* EXERCISE REQUIREMENTS *
All the data below goes into the copy word for word, but the pictures don't.

* INFORMATION SUPPLIED *
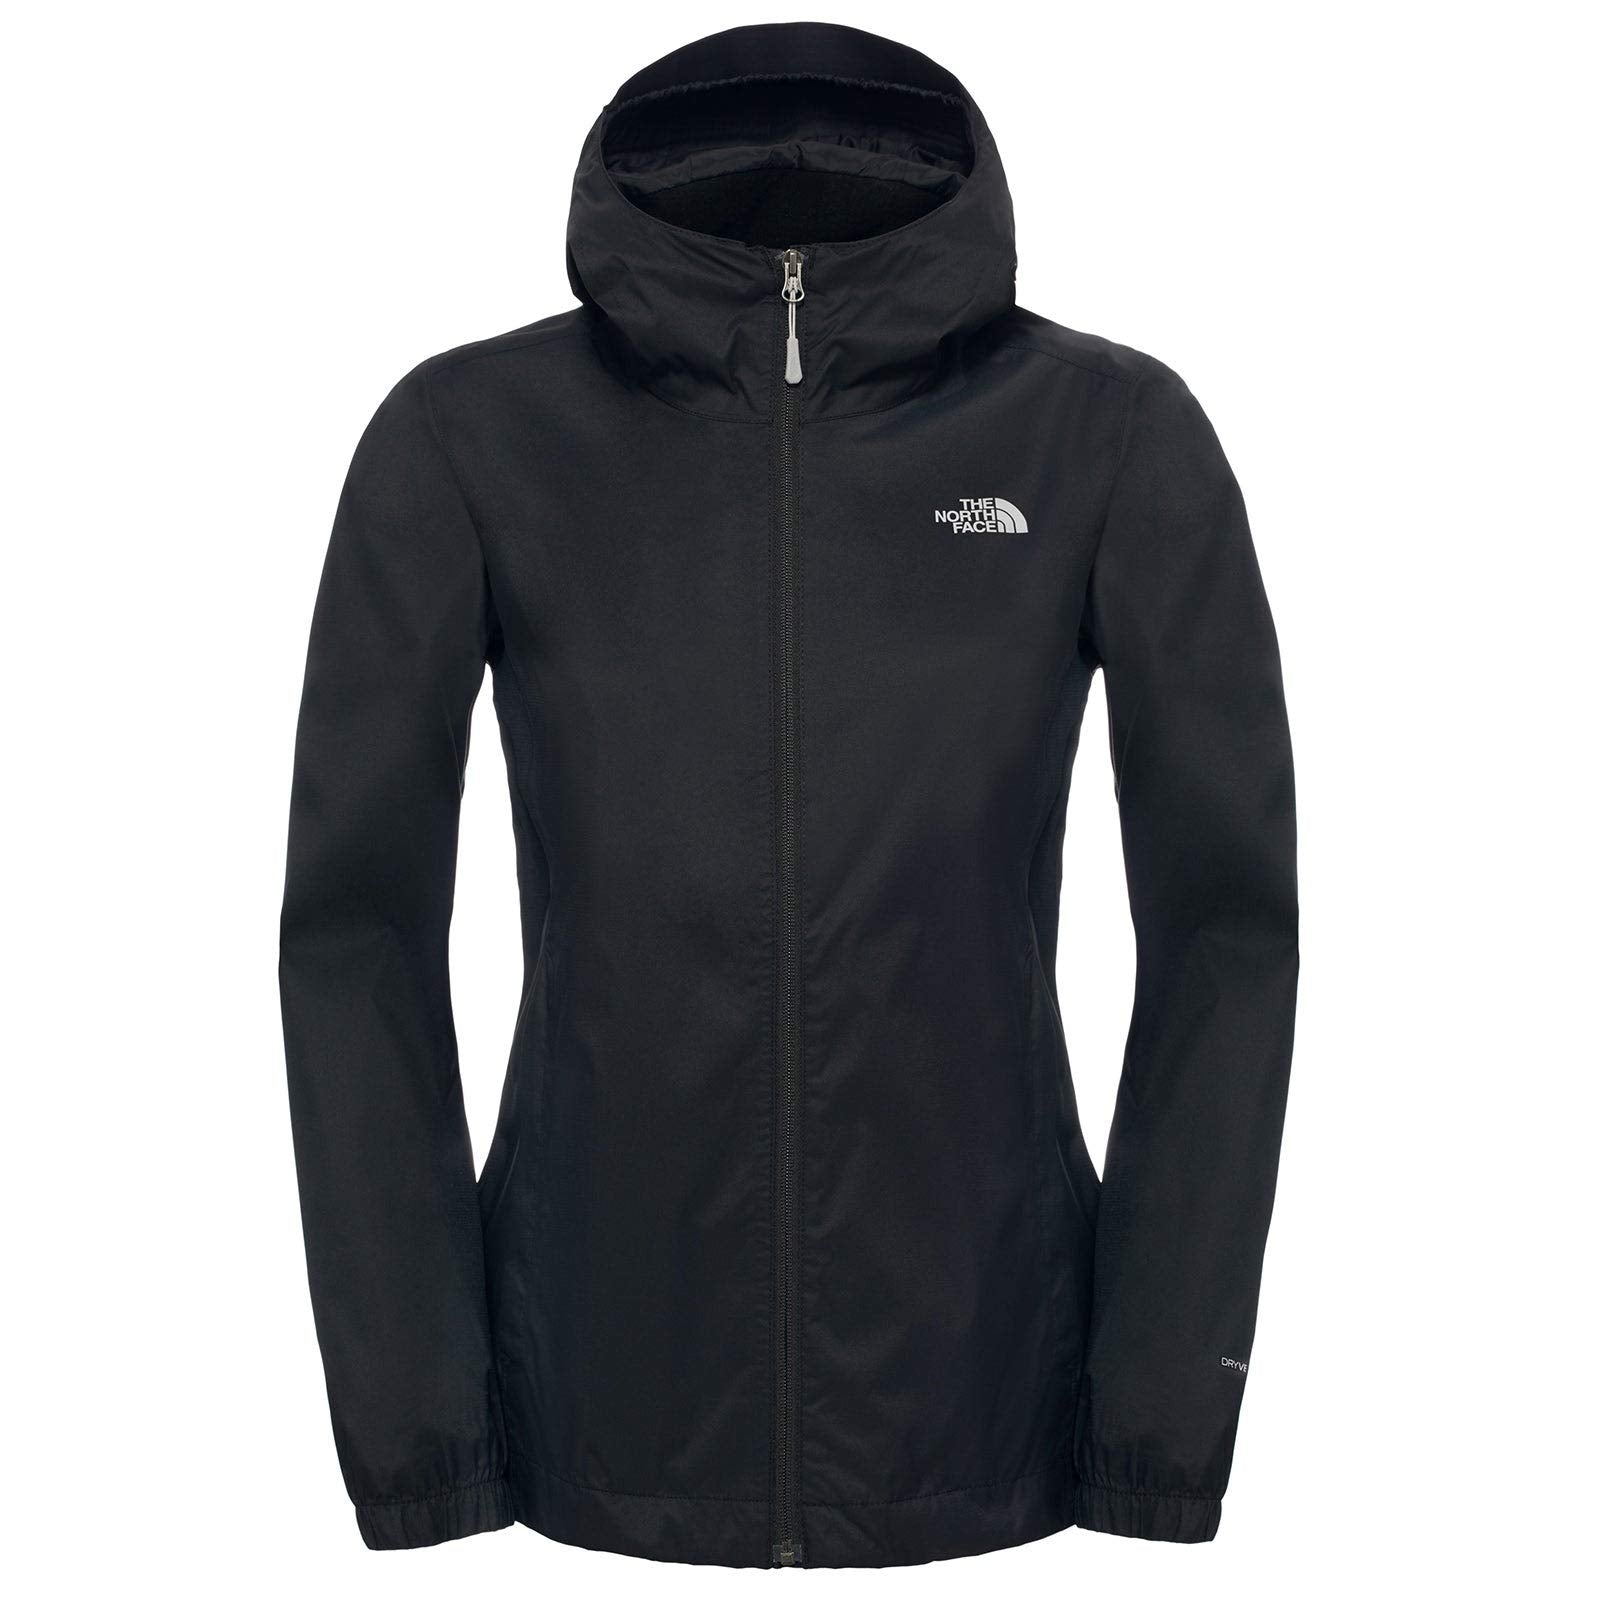 (X-Large, TNF Black) - The North Face Quest Women's Outdoor Jacket
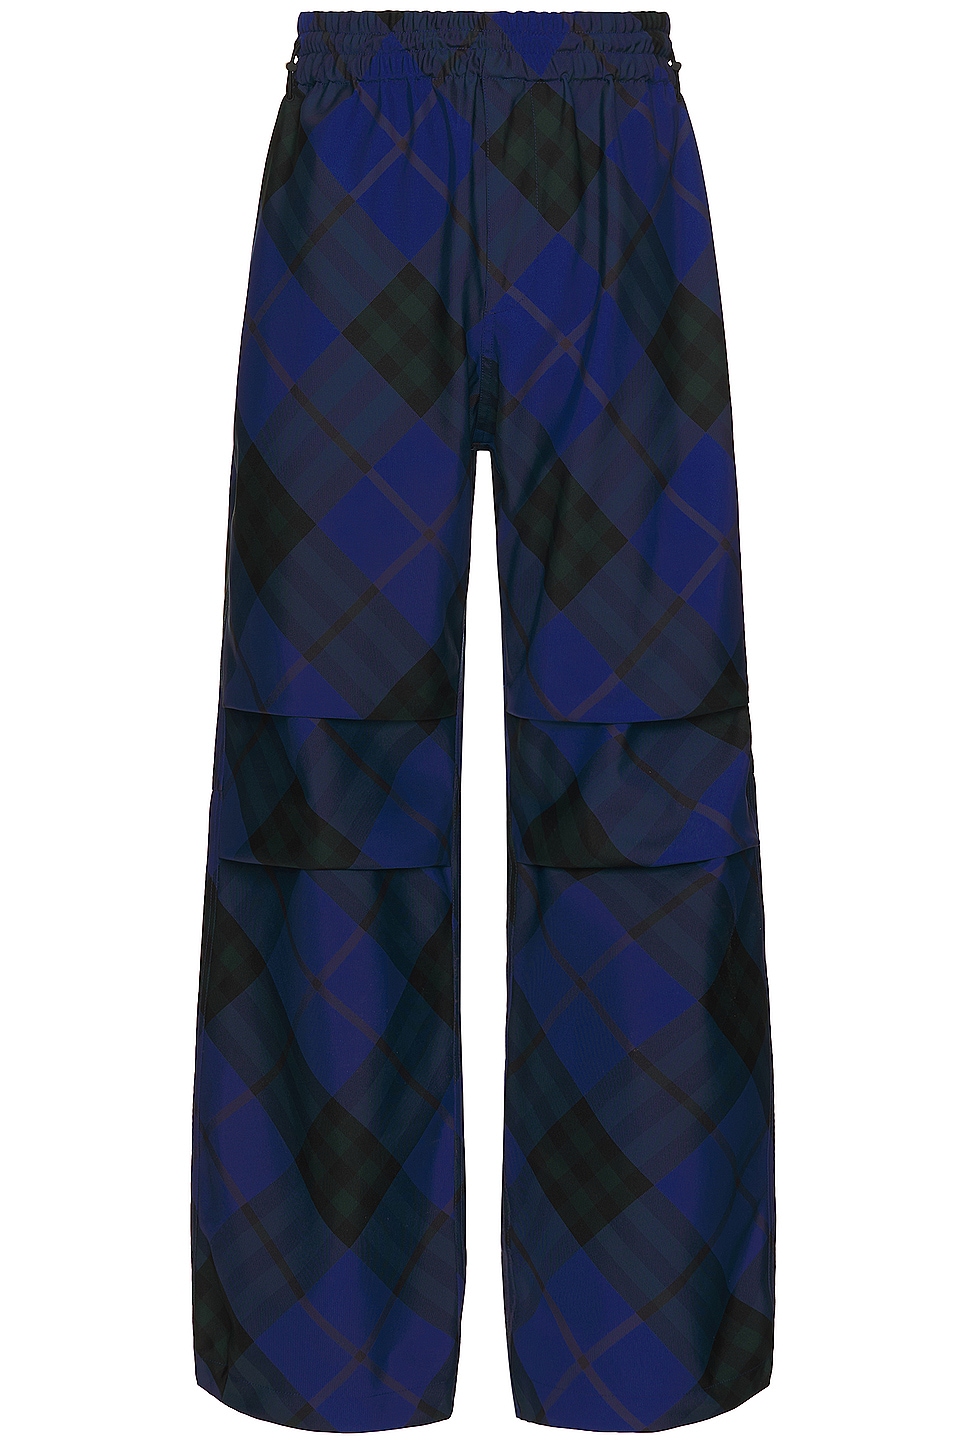 Image 1 of Burberry Check Pattern Trouser in Knight Ip Check
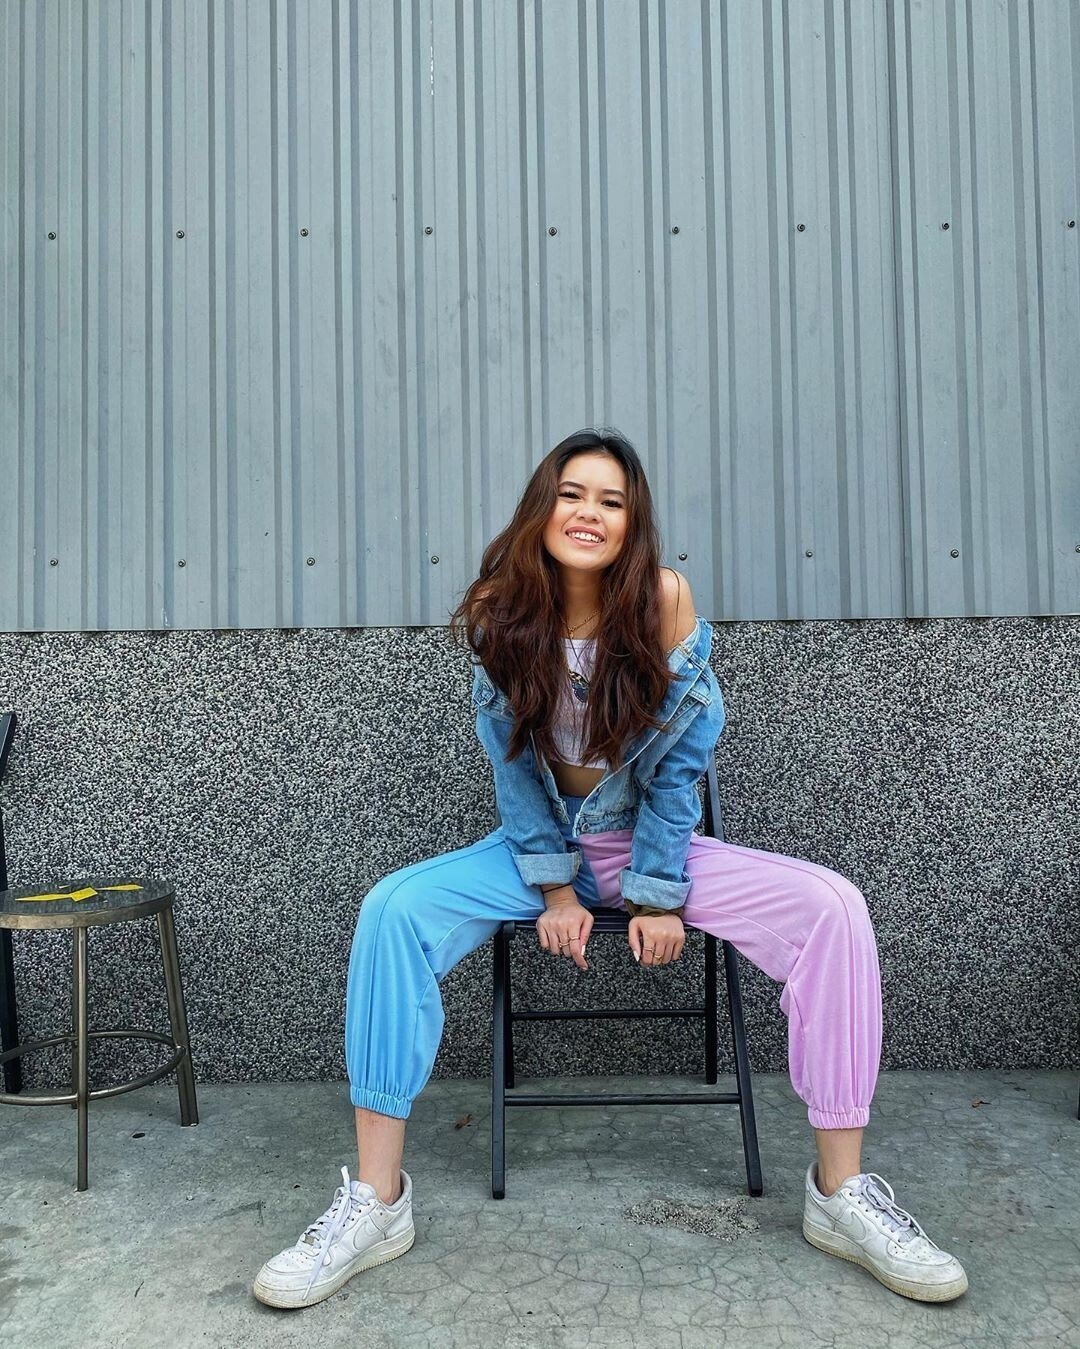 Malaysia’s Cupcake Aisyah uploaded her first video when she was just 13 years old. Seven years later, she has survived harassment from haters and even a hacking incident in 2019 to become one of her country’s top YouTube personalities. Photo: courtesy of Cupcake Aisyah

* REPLY *
 (X-Large, TNF Black) - The North Face Quest Women's Outdoor Jacket
 Image 1 of Burberry Check Pattern Trouser in Knight Ip Check
 Malaysia’s Cupcake Aisyah uploaded her first video when she was just 13 years old. Seven years later, she has survived harassment from haters and even a hacking incident in 2019 to become one of her country’s top YouTube personalities. Photo: courtesy of Cupcake Aisyah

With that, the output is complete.